Although the bed and mattress were important to the heavenly bed ideal, just as much focus was placed on the sheets.

All bedding had to be white, and as the concept of the optimum sleep environment expanded across the hotel industry, so other elements were introduced to complement the sleep well strategies.

All of these ancillary services were designed to prepare the guest for sleep in a fresh clean bed:

  • Turn down services highlighted the inviting white bedding.
  • Removing coverlets and bed accessories in the evening drew attention to the simplicity of the clean sheets.
  • Turning off all lights apart from the bedside lamp focused the guest on the crisp cool of the white pillows.

Worldwide hotels now spend a great deal of effort in showcasing to guests just how perfect their bedding is.
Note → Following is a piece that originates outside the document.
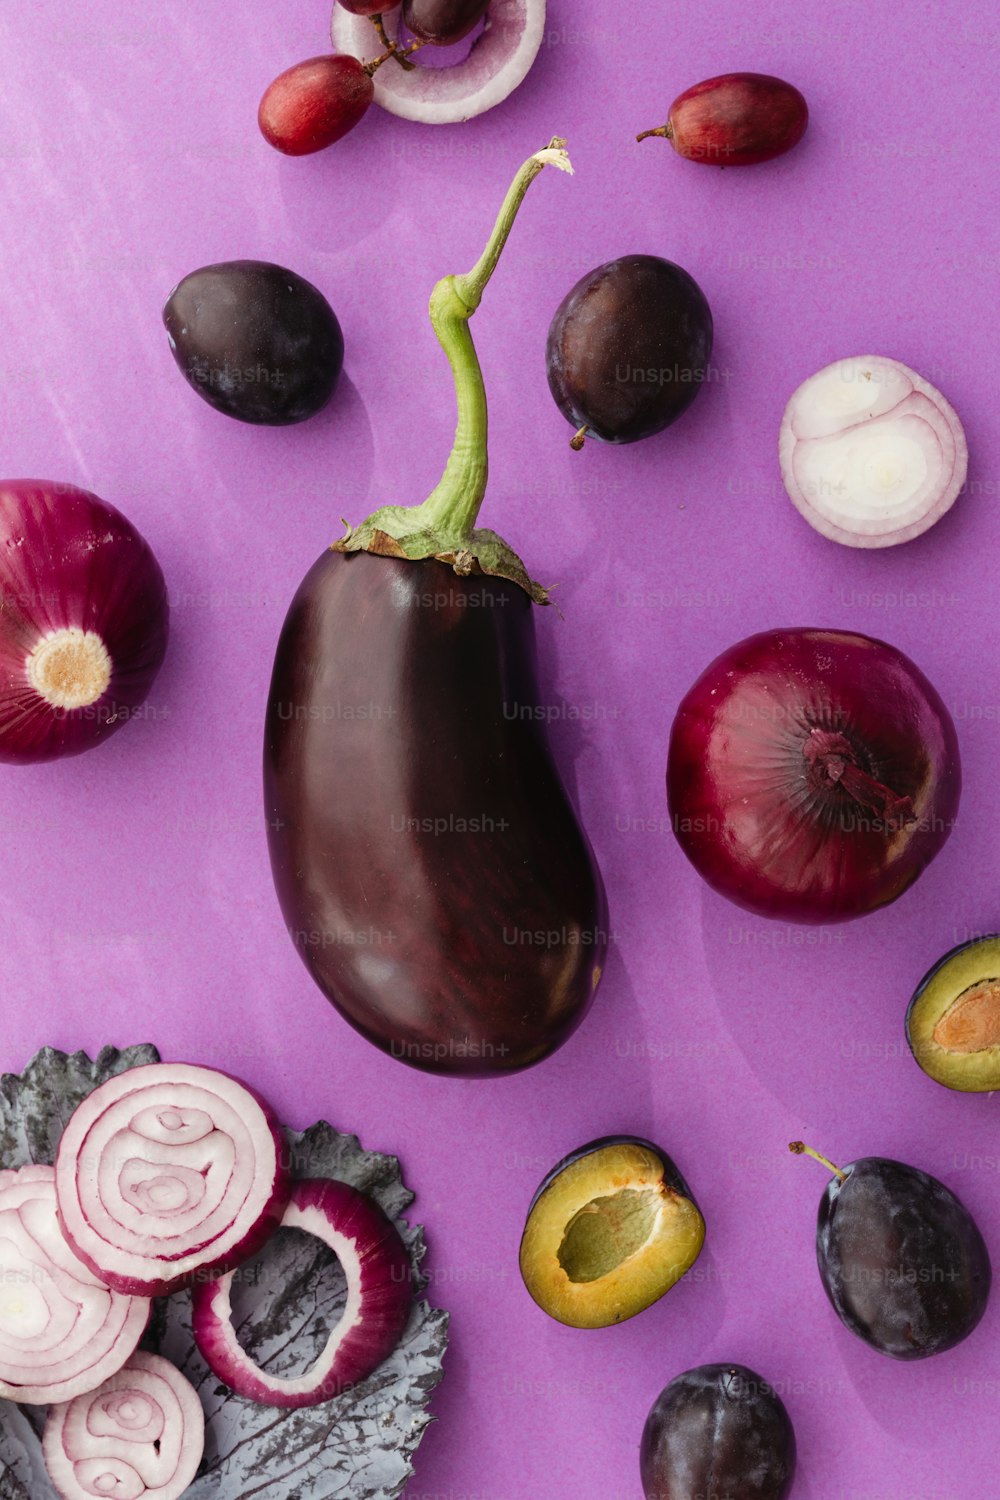 una berenjena, cebolla, rodajas de cebolla y otras verduras en un púrpura

When it works, guests sleep well. And a guest who sleeps well is the most likely to return.

The scent revolution

Nothing revives the past so completely as a smell that was once associated with it (Vladimir Nabokov)
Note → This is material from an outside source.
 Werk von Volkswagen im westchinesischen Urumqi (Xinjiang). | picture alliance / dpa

As humans we’re programmed to associate, to forge sense links, to tie sensory input with memory and use it as a trigger in our decision making and choices.

Color is important to us – we associate white with luxury, with cleanliness and calm for example. But smell is equally important and a much more amorphous concept to quantify.

The home scents market continues to grow, and tucked securely within the variety of scents are those associated with fresh bedding.

There’s an almost endless list of blue and white marketing designed to make us think of a freshly made bed: clean cotton, fresh linen, newly washed, crisp cotton, and the list of bedding-scent names goes on.

It’s doubtful if when asked any individual could describe the scent of fresh linen. It doesn’t really have a distinctive smell, even though advertising agencies can convince us that it does!

Instead, we’re triggered by a combination of a light clean scent. Recipes are closely guarded secrets, but are thought to contain combinations of jasmine, lilac, peony, Egyptian musk and French vanilla with notes of powder. And of course, the essential ingredient of our own memory of the feeling of a newly changed bed.


There’s a clear sleep benefit in changing bed linen as often as possible. And although it appears to be as a result of a psychological feel good factor, it’s none the less powerful for that.

The smooth feel of pressed cotton as we slide between cool sheets ready for a gentle night’s sleep – we love that feeling.

We would probably benefit from changing our bedding at home more often and making a little bit more of an effort with it.

Anecdotal evidence from online forums and messages boards suggest that the pressing of bedding is a chore too far in the 21st century home, although the feel of freshly ironed sheets is reported as such a joy.

We make huge efforts to be nice to ourselves. We watch our diets and exercise and we buy gadgets and expensive mattresses to ensure a good night’s sleep.  Maybe we should start with just changing our bedding more often.